The most common organisms that cause cutaneous abscesses are gram-positive bacteria, such as Staphylococcus aureus, which are found on flora of human skin and mucous membranes [9]. However, anaerobic bacteria are frequently isolated, with the true prevalence of these infections undetermined due to slow growth, difficulty in culturing, and polymicrobial nature of the infection [10]. Abscesses associated with diverticulitis are due to diverticular microperforations and extravasation of enteric commensals, with Escherichia coli and Bacteroides species being the most frequently isolated [11].
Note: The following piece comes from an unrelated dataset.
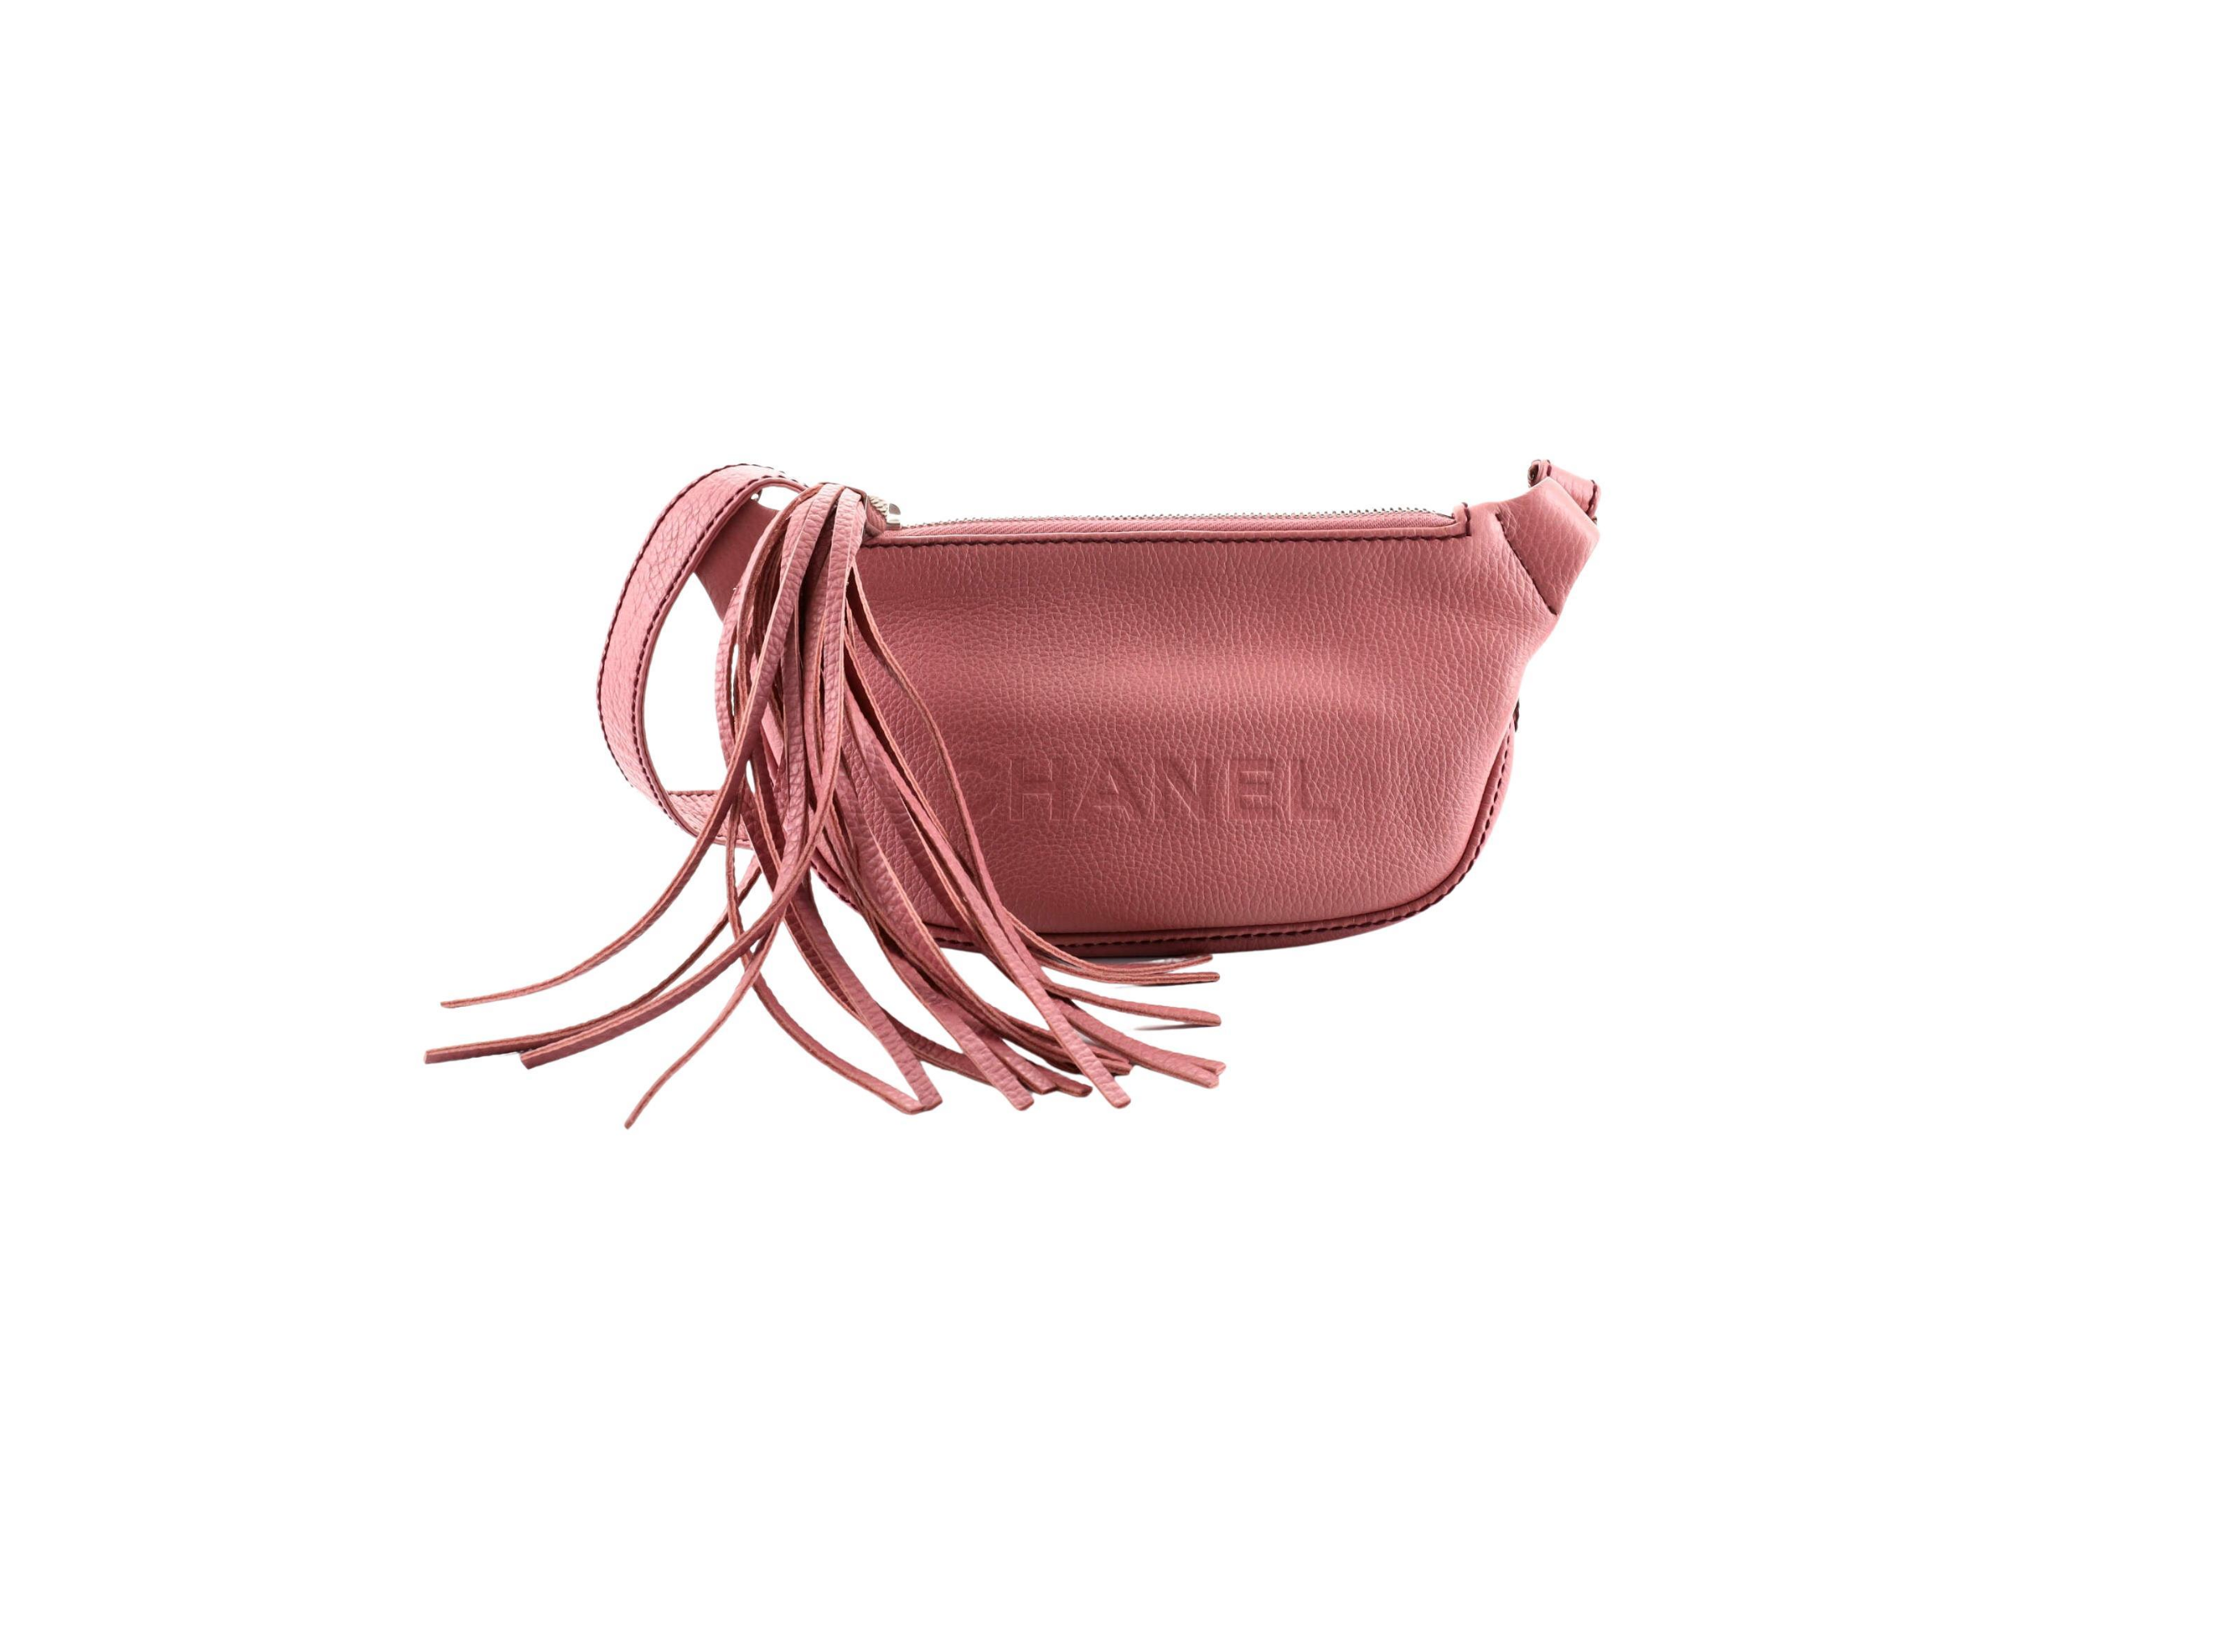 chanel pink crossbody handbag

The evolution of cultures from the scrotal abscess site supports the hypothesis that enteric spread caused the secondary abscess. Cultures of the scrotal abscess from the initial bedside incision and drainage showed a predominant growth of coagulase-negative staphylococcus, gram-positive cocci, and mixed anaerobic bacteria. The presence of coagulase-negative staphylococcus indicates that there was likely floral contamination that contributed to this initial abscess formation [12]. Subsequent cultures showed growth of Enterobacter cloacae, which has been the most common cause of nosocomial infection within the last decade [13]. This shift in culture suggests that the initial scrotal abscess was unrelated to the pericolonic abscess; however, the secondary scrotal abscess was associated with the intraperitoneal abscess as the isolated species were related to organisms that typically reside within the gastrointestinal tract. We can postulate that the formation of a fistulous tract between the peritoneum and abdominal wall allowed for direct extension, which was confirmed with CT imaging and intraoperatively.
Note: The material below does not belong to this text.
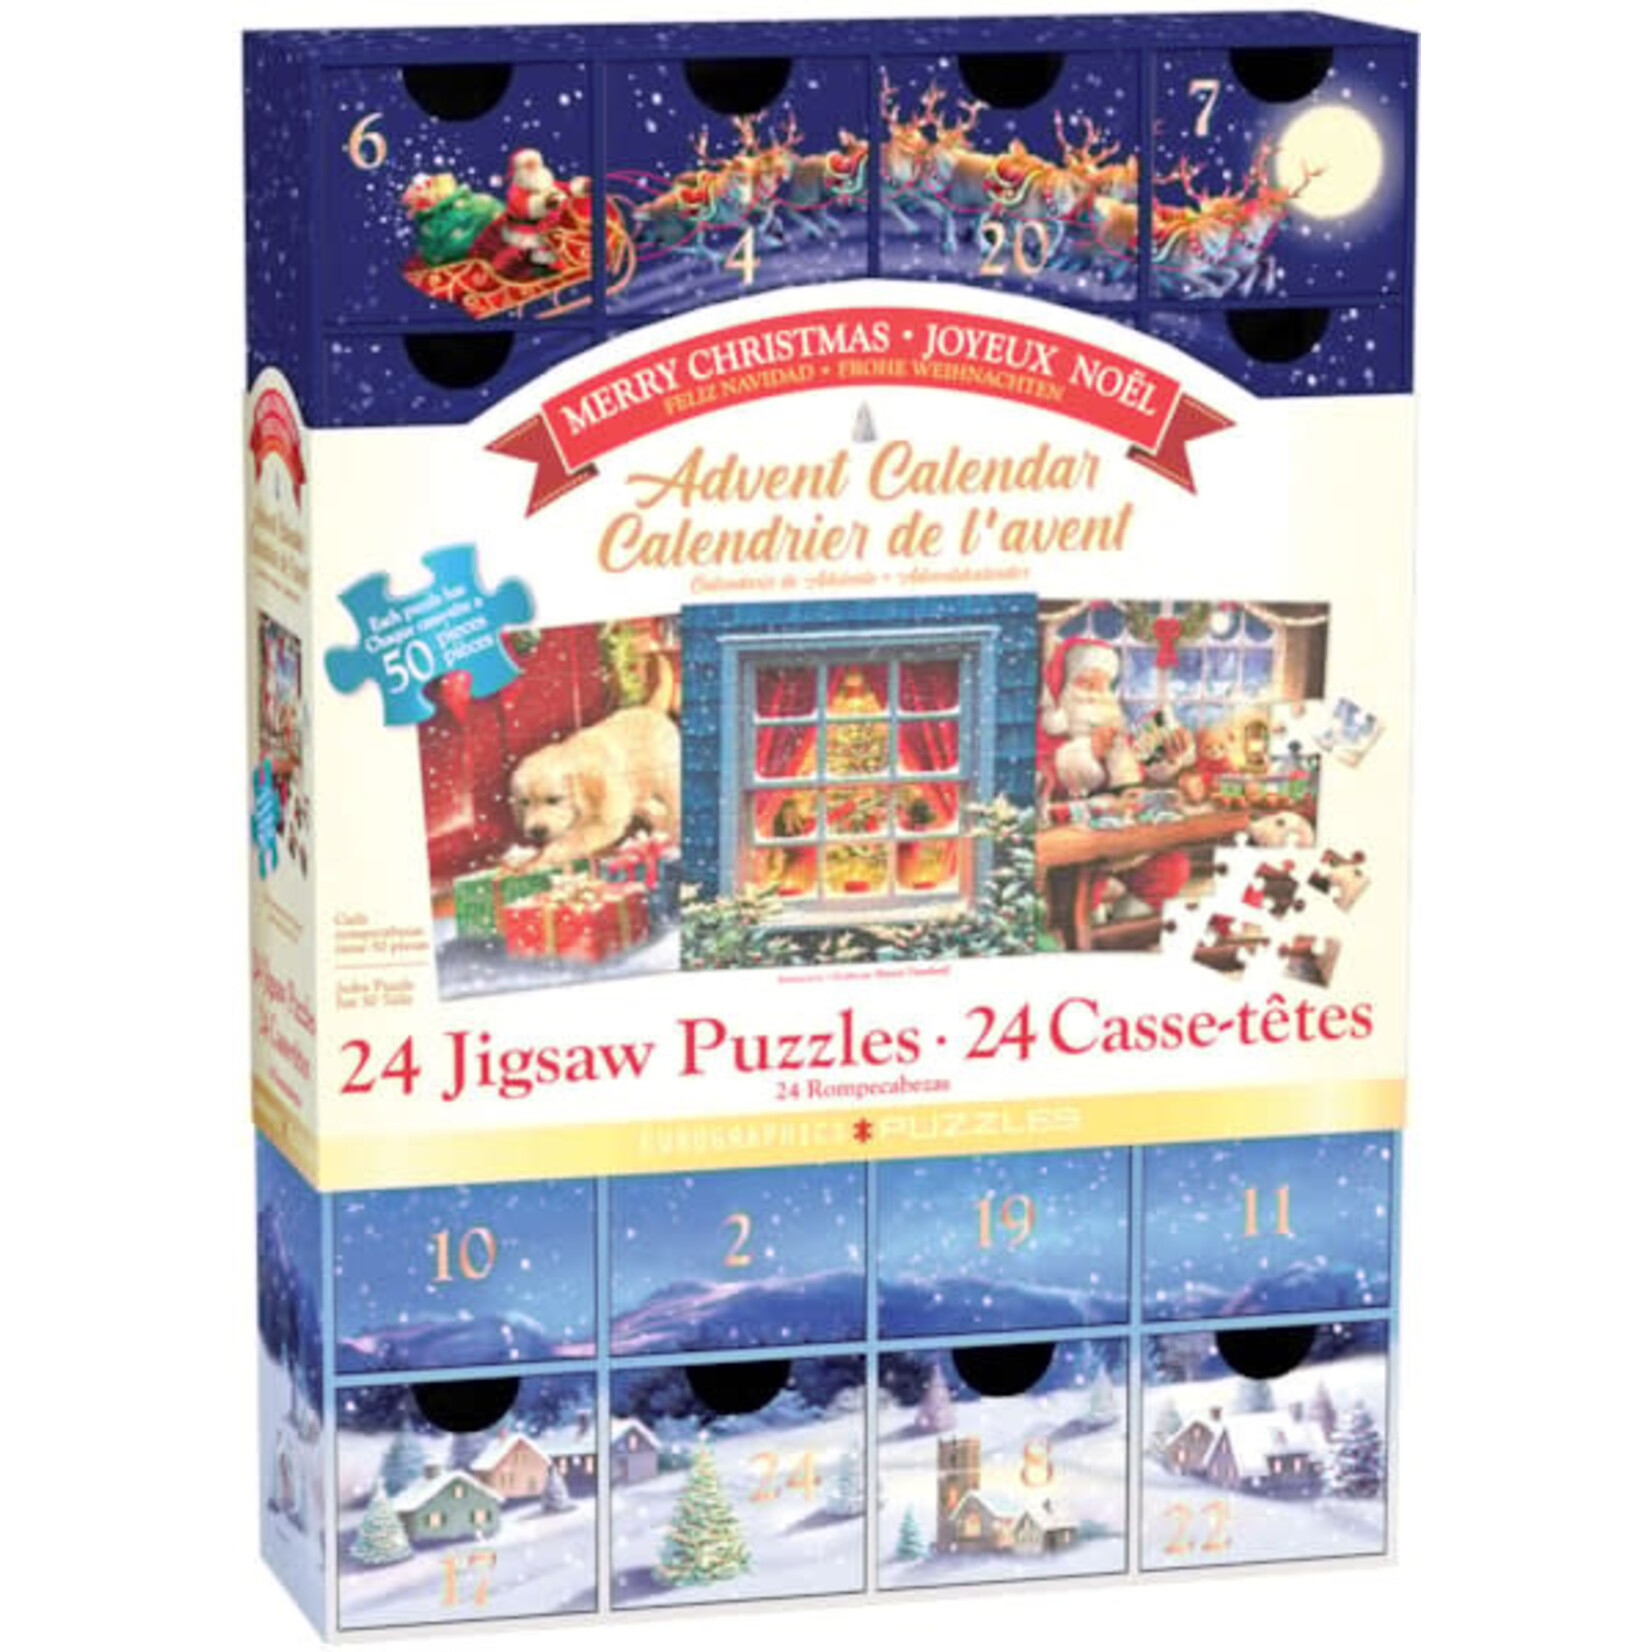 Advent Calendar Puzzles - Merry Christmas

The fistulous tract that developed anteriorly dissected through the transversalis fascia, rectus sheath, and invested in Scarpa’s fascia before spreading inferiorly into the scrotum. Scarpa’s fascia is contiguous with the Dartos fascia below the pubic symphysis which can provide a direct route from the anterior abdominal wall into the scrotum for potential spread [14]. A retroperitoneal tract has also been hypothesized to be a cause of abscess tracking to the scrotum. A retroperitoneal abscess formation tracking to the scrotum has been described in the literature. An ascending and descending colonic perforation with subsequent spread along the retroperitoneal fascial planes resulting in scrotal abscess with fecal contents in the scrotum has been reported [15]. The postulated mechanism is that the inflammation from the retroperitoneum caused the abscess to dissect through the transversalis fascia through the deep inguinal ring. Another pathway to the scrotum is with a patent processus vaginalis.
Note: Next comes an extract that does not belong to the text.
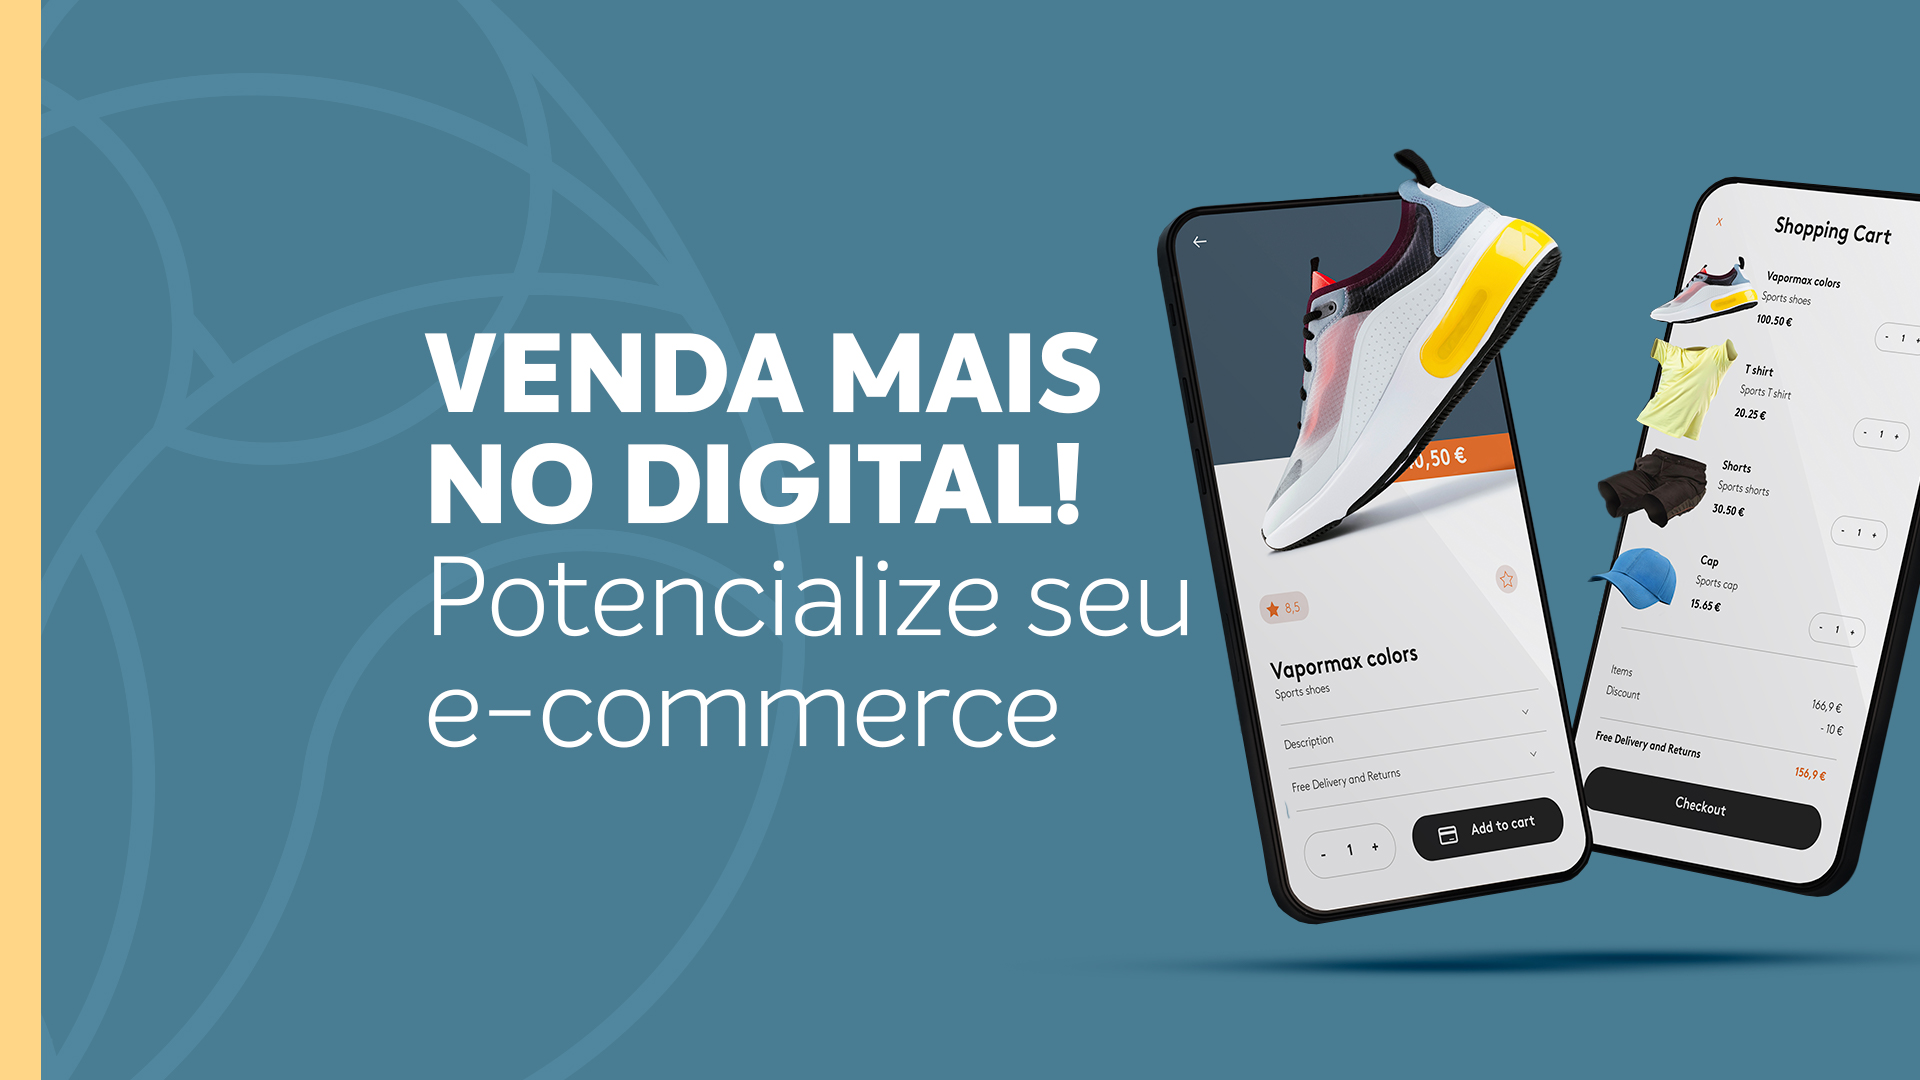 You are currently viewing Venda mais no digital! Potencialize seu e-commerce

Documented scrotal abscess formation from an intraperitoneal source most commonly occurs in the pediatric population, often associated with a patent processus vaginalis. The patent processus vaginalis serves as a communication between the peritoneal cavity and the scrotum, with several case reports describing a phenomenon of peritoneal extension of an abscess associated with perforated appendicitis. The presenting symptom of appendicitis in these cases is scrotal swelling in young boys [4]. A patent processus vaginalis has been estimated to be present in 80–95% of newborn males, with 15–37% of those persisting into adulthood [2,3,4]. However, a patent processus vaginalis will typically close within the first 24 months of life and is unlikely to cause a scrotal abscess via intraperitoneal extension in an adult. Instead, scrotal extension of an intraperitoneal abscess in an adult can be caused by direct extension [16]. It is rare for fluid collection to drain into the scrotum without a patent processus vaginalis, especially in adults. We conclude that there are extraperitoneal planes that can lead to scrotal abscess collection from an abdominal source.